1 files changed, 47 insertions, 5 deletions
diff --git a/java/src/com/android/inputmethod/latin/StringUtils.java b/java/src/com/android/inputmethod/latin/StringUtils.java
index 90c3fcdd2..59ad28fc9 100644
--- a/java/src/com/android/inputmethod/latin/StringUtils.java
+++ b/java/src/com/android/inputmethod/latin/StringUtils.java
@@ -22,6 +22,10 @@ import java.util.ArrayList;
 import java.util.Locale;
 
 public final class StringUtils {
+    public static final int CAPITALIZE_NONE = 0;  // No caps, or mixed case
+    public static final int CAPITALIZE_FIRST = 1; // First only
+    public static final int CAPITALIZE_ALL = 2;   // All caps
+
     private StringUtils() {
         // This utility class is not publicly instantiable.
     }
@@ -111,11 +115,12 @@ public final class StringUtils {
         // - This does not work for Greek, because it returns upper case instead of title case.
         // - It does not work for Serbian, because it fails to account for the "lj" character,
         // which should be "Lj" in title case and "LJ" in upper case.
-        // - It does not work for Dutch, because it fails to account for the "ij" digraph, which
-        // are two different characters but both should be capitalized as "IJ" as if they were
-        // a single letter.
-        // - It also does not work with unicode surrogate code points.
-        return s.toUpperCase(locale).charAt(0) + s.substring(1);
+        // - It does not work for Dutch, because it fails to account for the "ij" digraph when it's
+        // written as two separate code points.
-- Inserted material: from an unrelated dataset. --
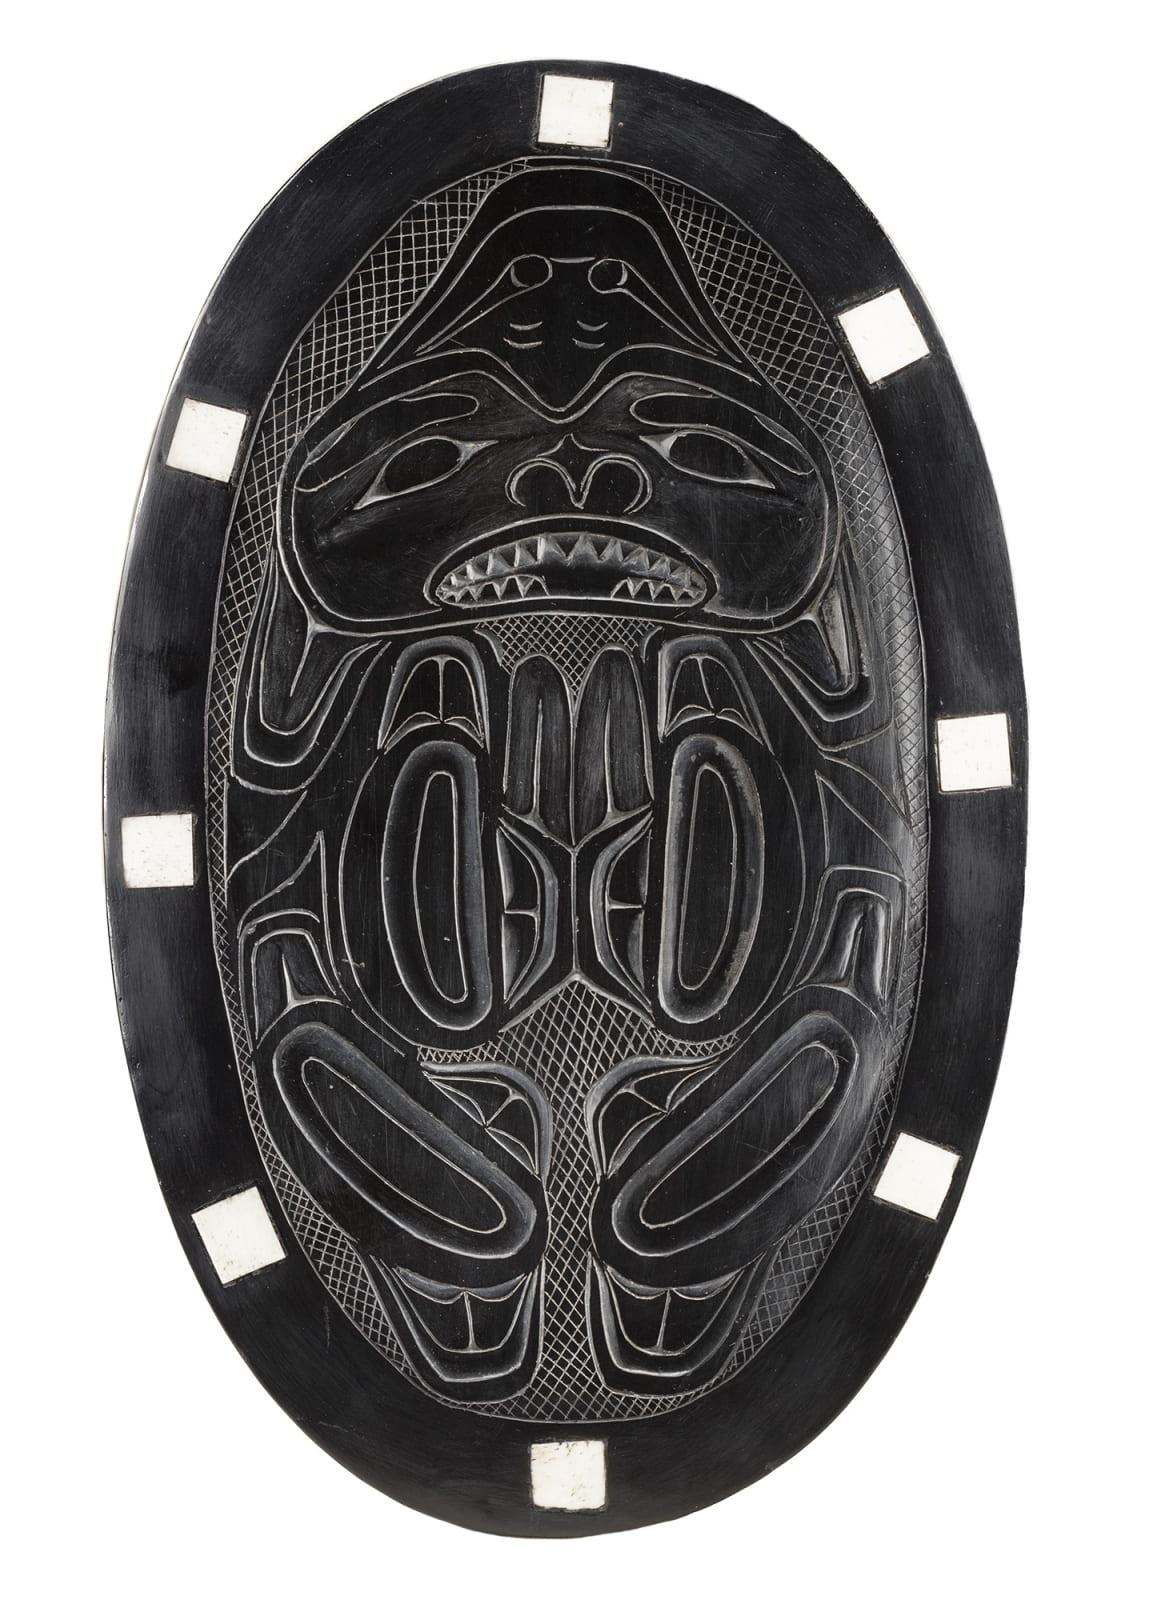 Lot 54 UNIDENTIFIED ARTIST, HAIDA Platter, c. 1920-1950 argillite and bone, 12 x 7.5 x 1.125 in (30.5 x 19.1 x 3 cm) Estimate: $1,500 — $2,500 Price realized: $1,440

They are two different characters but both should
+        // be capitalized as "IJ" as if they were a single letter in most words (not all). If the
+        // unicode char for the ligature is used however, it works.
+        final int cutoff = s.offsetByCodePoints(0, 1);
+        return s.substring(0, cutoff).toUpperCase(locale) + s.substring(cutoff).toLowerCase(locale);
     }
 
     private static final int[] EMPTY_CODEPOINTS = {};
@@ -171,4 +176,41 @@ public final class StringUtils {
         }
         return list.toArray(new String[list.size()]);
     }
+
+    // This method assumes the text is not null. For the empty string, it returns CAPITALIZE_NONE.
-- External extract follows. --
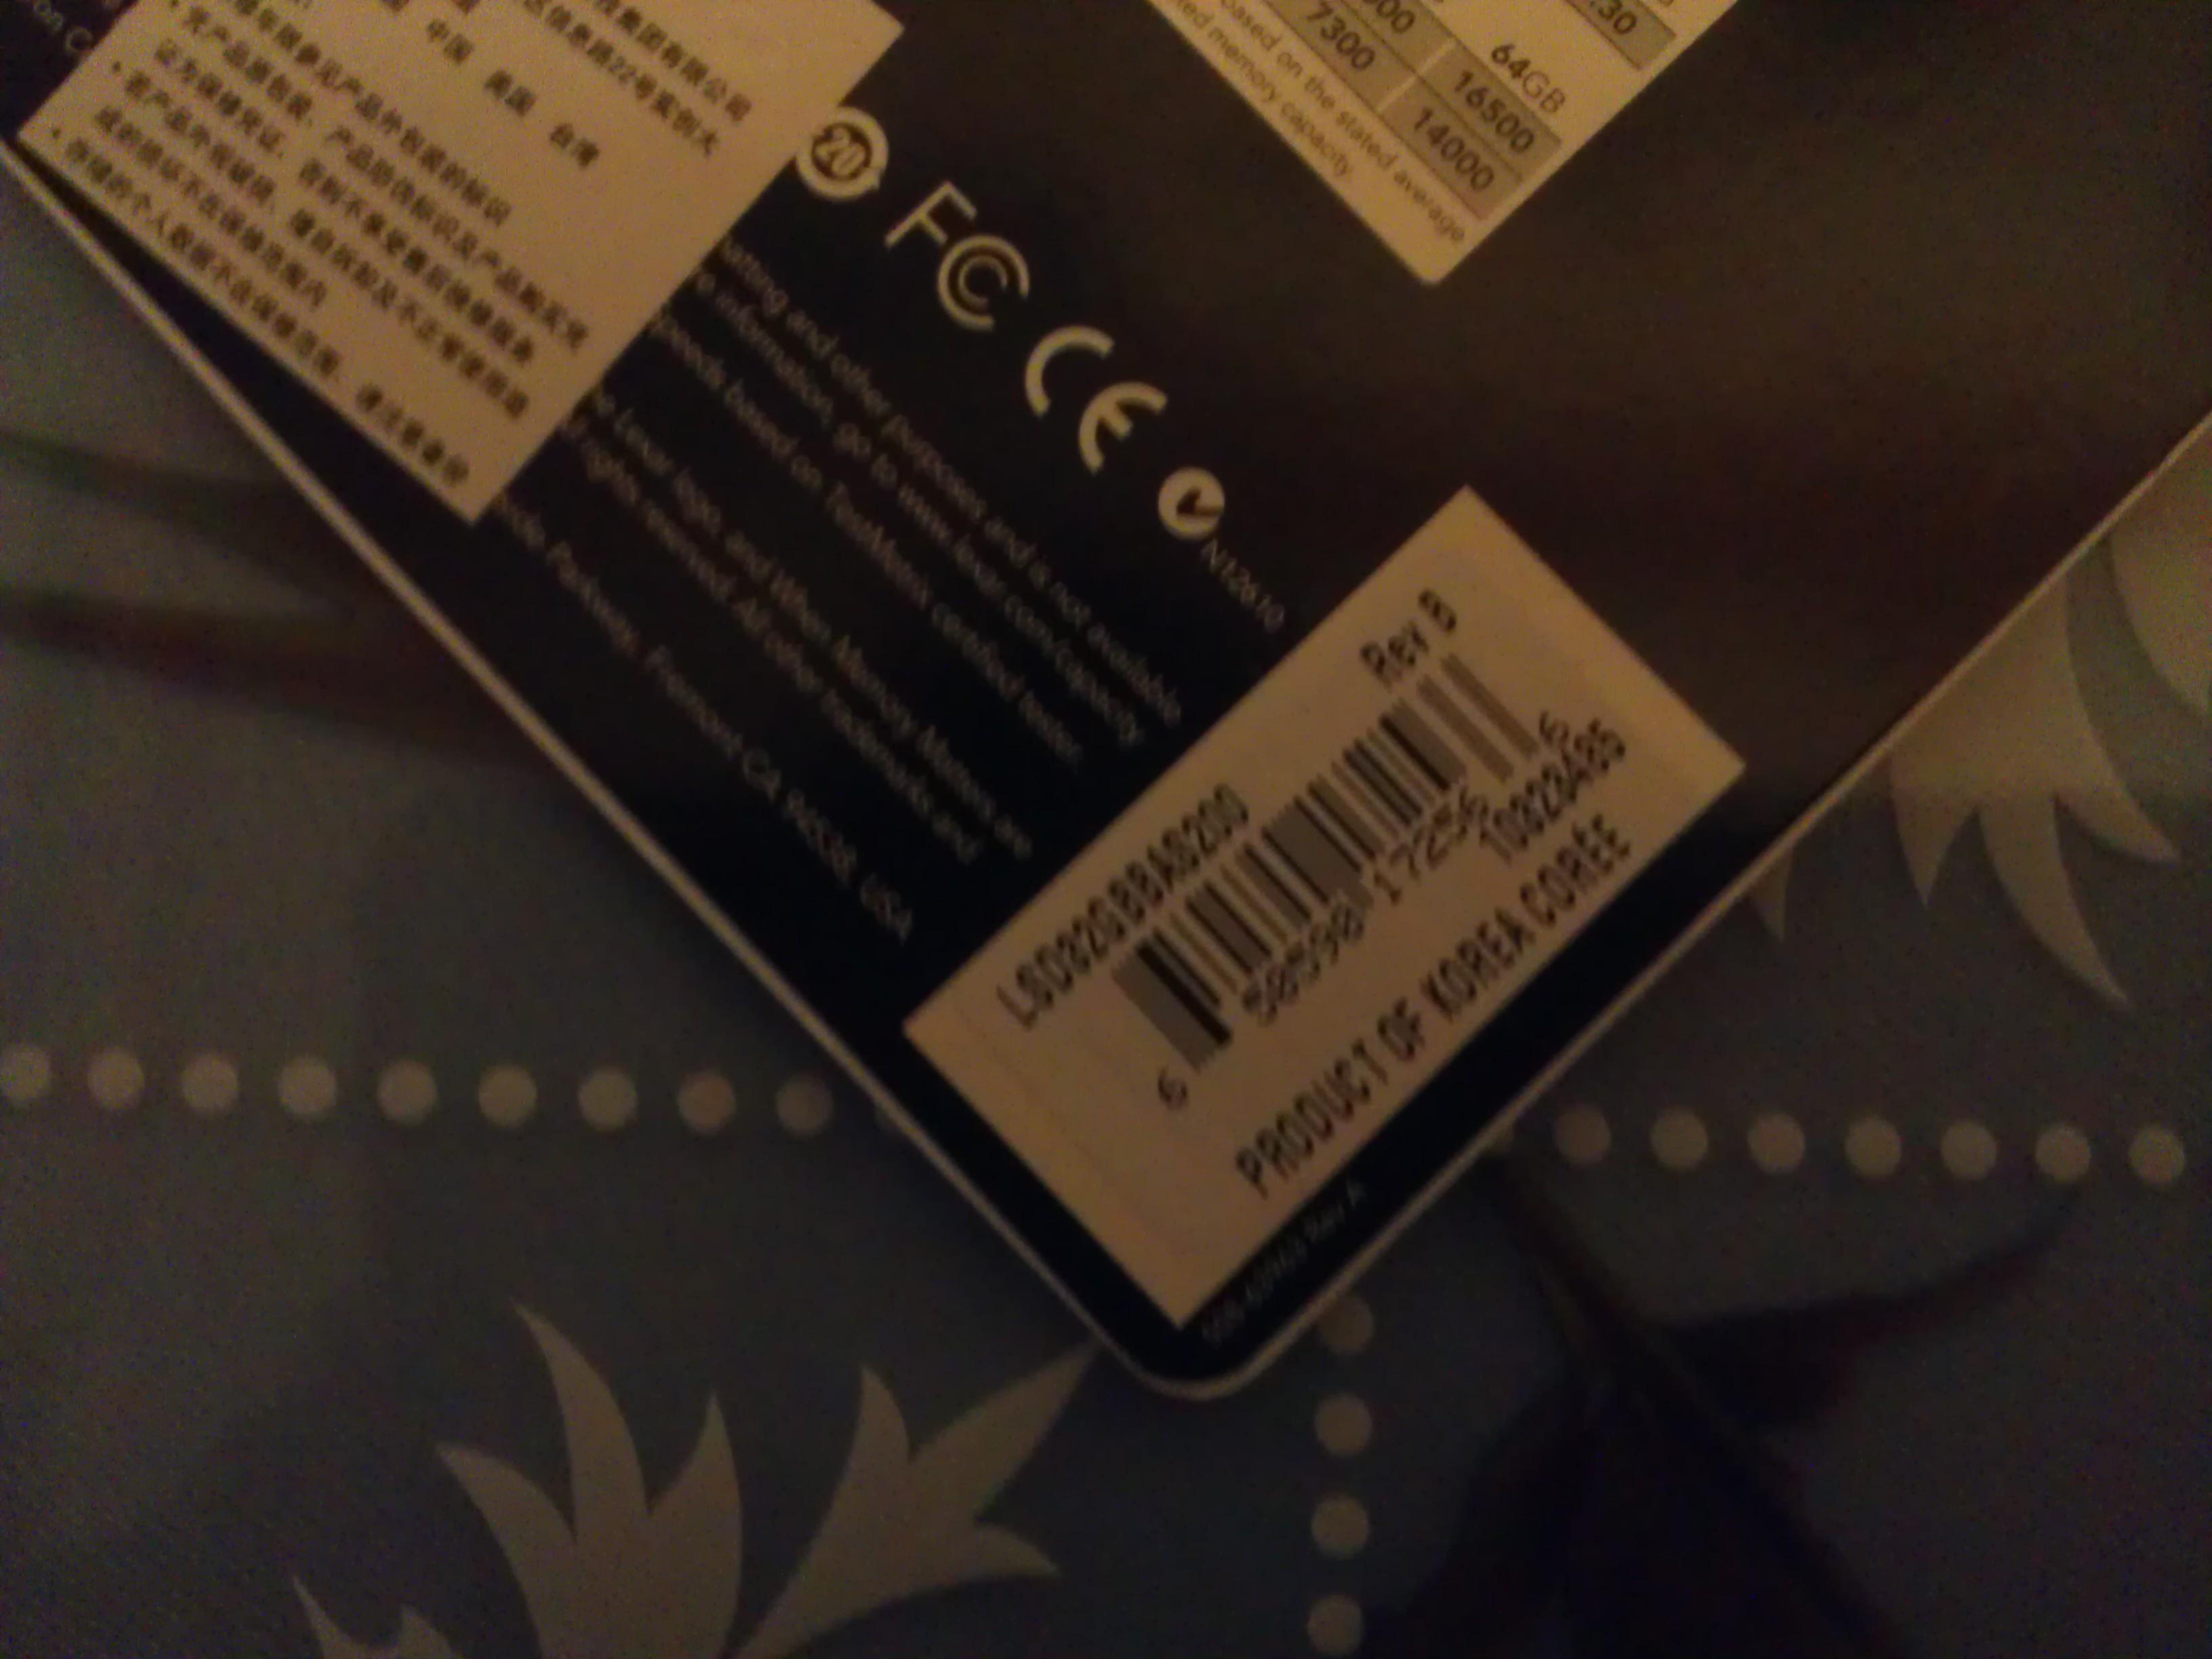 cheap nike free 5.0 v4 00267298 onsale

+    public static int getCapitalizationType(final String text) {
+        // If the first char is not uppercase, then the word is either all lower case or
+        // camel case, and in either case we return CAPITALIZE_NONE.
+        final int len = text.length();
+        int index = 0;
+        for (; index < len; index = text.offsetByCodePoints(index, 1)) {
+            if (Character.isLetter(text.codePointAt(index))) {
+                break;
+            }
+        }
+        if (index == len) return CAPITALIZE_NONE;
+        if (!Character.isUpperCase(text.codePointAt(index))) {
+            return CAPITALIZE_NONE;
+        }
+        int capsCount = 1;
+        int letterCount = 1;
+        for (index = text.offsetByCodePoints(index, 1); index < len;
+                index = text.offsetByCodePoints(index, 1)) {
+            if (1 != capsCount && letterCount != capsCount) break;
+            final int codePoint = text.codePointAt(index);
+            if (Character.isUpperCase(codePoint)) {
+                ++capsCount;
+                ++letterCount;
+            } else if (Character.isLetter(codePoint)) {
+                // We need to discount non-letters since they may not be upper-case, but may
+                // still be part of a word (e.g. single quote or dash, as in "IT'S" or "FULL-TIME")
+                ++letterCount;
+            }
+        }
+        // We know the first char is upper case. So we want to test if either every letter other
+        // than the first is lower case, or if they are all upper case. If the string is exactly
+        // one char long, then we will arrive here with letterCount 1, and this is correct, too.
+        if (1 == capsCount) return CAPITALIZE_FIRST;
+        return (letterCount == capsCount ? CAPITALIZE_ALL : CAPITALIZE_NONE);
+    }
 }